After the high of the concert, sleep didn’t really come fully. Therefore, this day was a challenge to get through but it was still full of plenty of laughs and great experiences. Unfortunately, my bronchitis majorly flared up, before and during the concert. After sound check, Mike and I revised the program to make it easier on my afflicted lungs and we got through it. It was frustrating but no one ever said an international tour would be a cakewalk.
But I got to experience pigeon for lunch. That was unexpectedly tasty.
There were good happenings, despite the sickness! Mike was ecstatic that he got to play on a Bösendorfer piano. It was definitely the best piano of the tour. It was a lighthearted audience, so Mike decided to take a selfie with the crowd. That was a first!

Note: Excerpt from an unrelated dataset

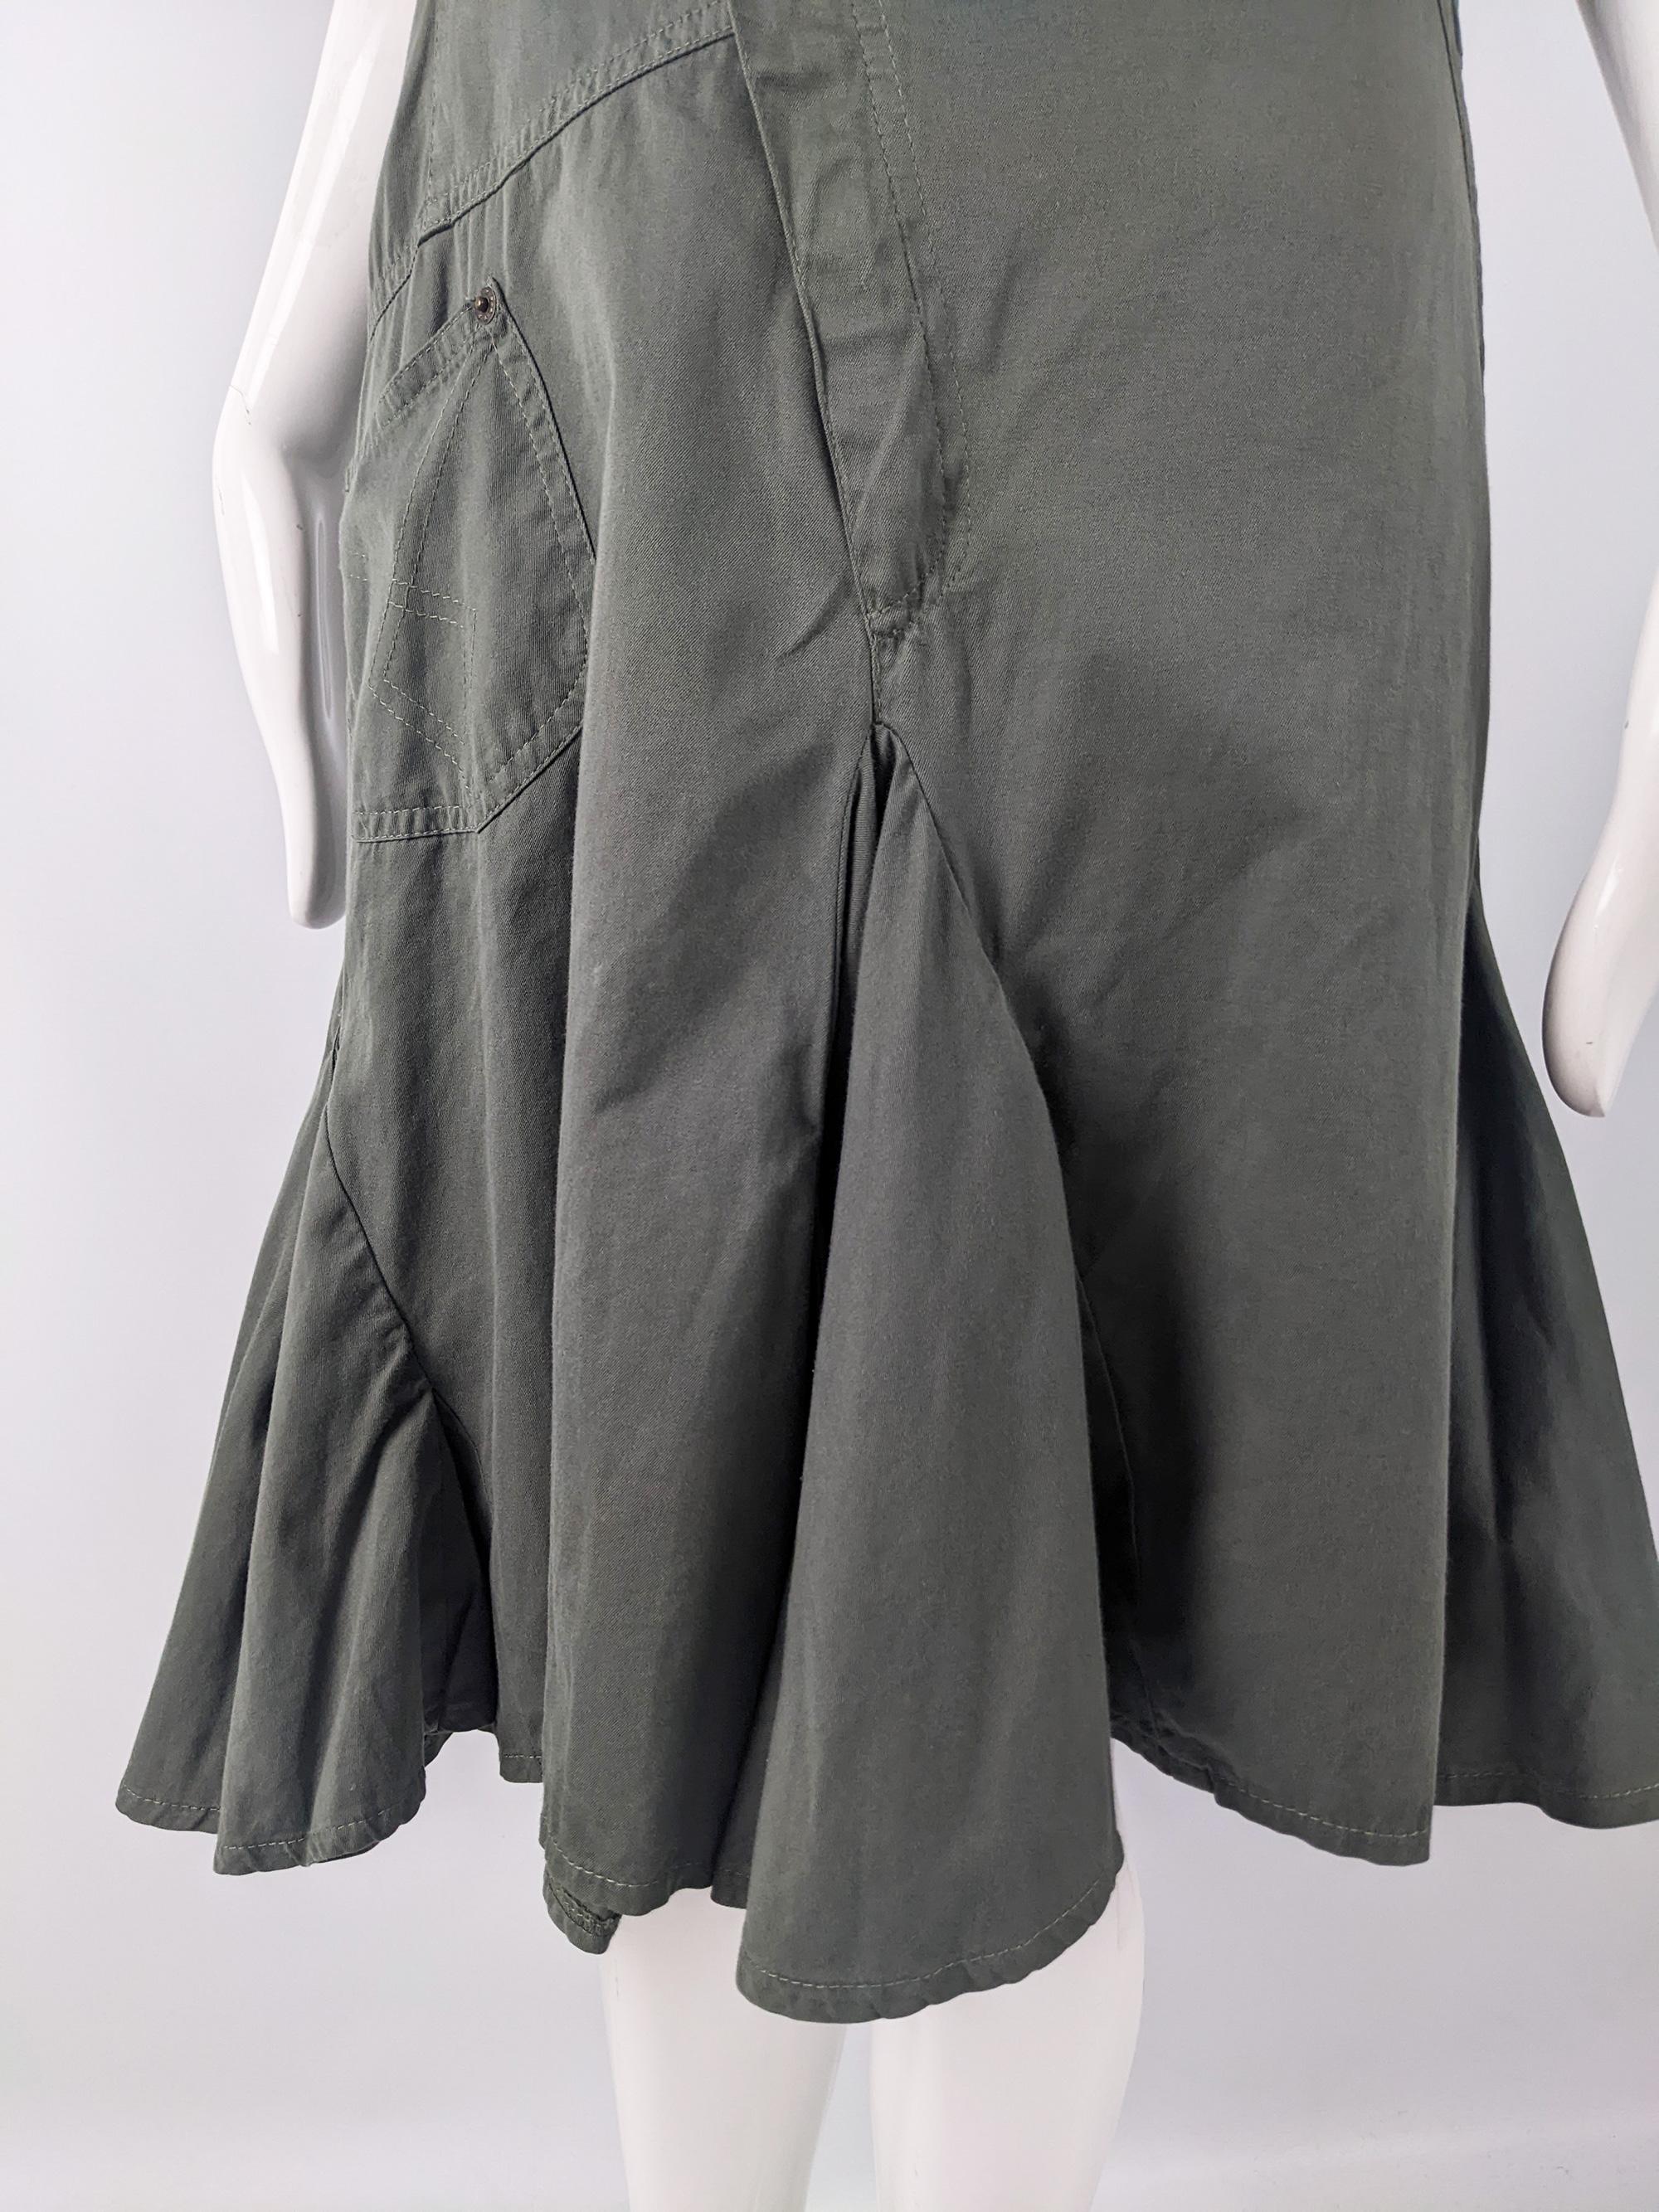 Plein Sud Jeans Vintage Khaki Green Asymmetric Avant Garde Dress, 1990s In Excellent Condition For Sale In Doncaster, South Yorkshire

Now, before the concert, we had QUITE the dining experience. I experienced hot pot dining for the first time. It wasn’t really explained to me so, fir about a minute, I thought they were bringing in personal, boiling soups. Floating in this soup was murky water, a date, and some sort of seaweed. And then I saw the raw food on our table was more than just sushi and understood what it was.

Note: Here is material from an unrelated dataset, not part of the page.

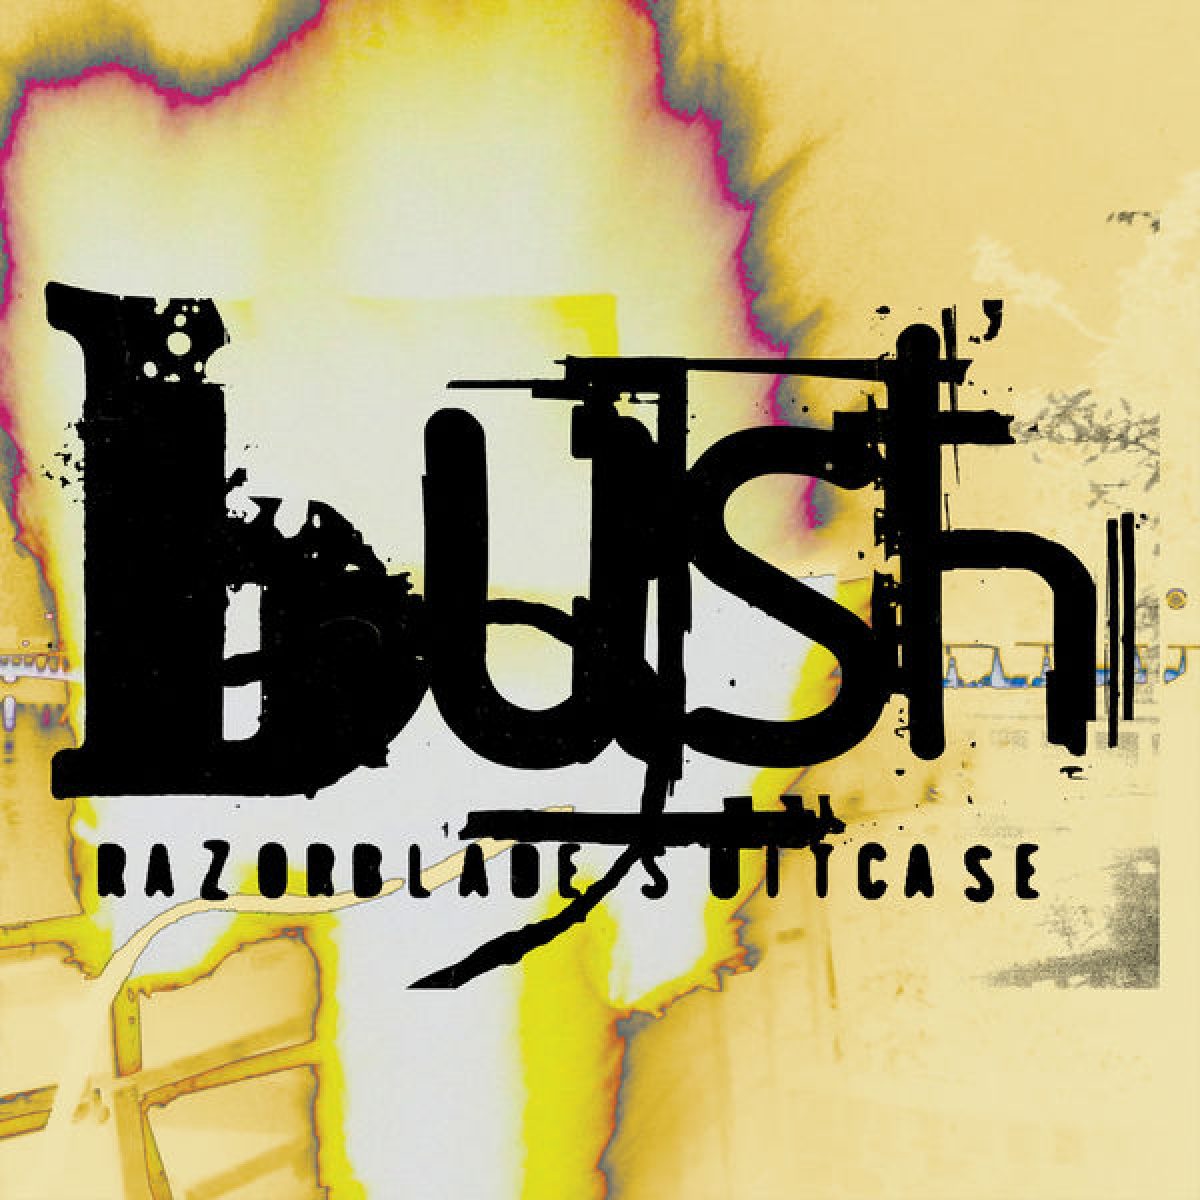 Bush, Razorblade Suitcase in Addition

I had cooked a few pieces of meat already when the crab came out. The lazy susan parked the crabs in front of me and we were having a stare down. It took until I saw water bubbling out of its nostrils to realize these crabs were alive. Mike and Duo immediately decided that crab sounded tasty and reached for the creatures. Once chopsticks made contact, they started flailing their legs all over the place. Mike quickly dunked his crab in its boiling jacuzzi, scooting the little legs in and pushing them back in until the limbs went limp. I’m not sure what my face was doing at this point but Dr. Linamen asked if I was okay. Okay? Yes. Culture shock, very much yes. I’m not opposed to eating creatures that were once living. I just haven’t had to be the one to kill what I ate. It was just odd to see the whole process from living creature to food plate in under 10 minutes. It was a very lighthearted process because we couldn’t stop laughing at the awkward process as Mike slowly figured out how to cook and eat the crab. Eating the crab was a whole different adventure that I’ll leave to your imagination.
Halfway through the tour!
Soon after I woke up, I got a knock at the door. Mike! With a green and white box, covered in Chinese, with one English word: Azithromycin. Praises! Antibiotics! The wife of one of our Chinese doctors is a doctor. My team got ahold of her and picked up the prescription for me. I felt so taken care of! Thanks to sleep, hydration, loads of prayers from loved ones, and possibly those antibiotics, I had a cough-free concert that evening. Praise the Lord! The most strenuous thing we had during the day before the concert was transportation and food. Such a relaxing day, compared to the challenges of getting through the previous day.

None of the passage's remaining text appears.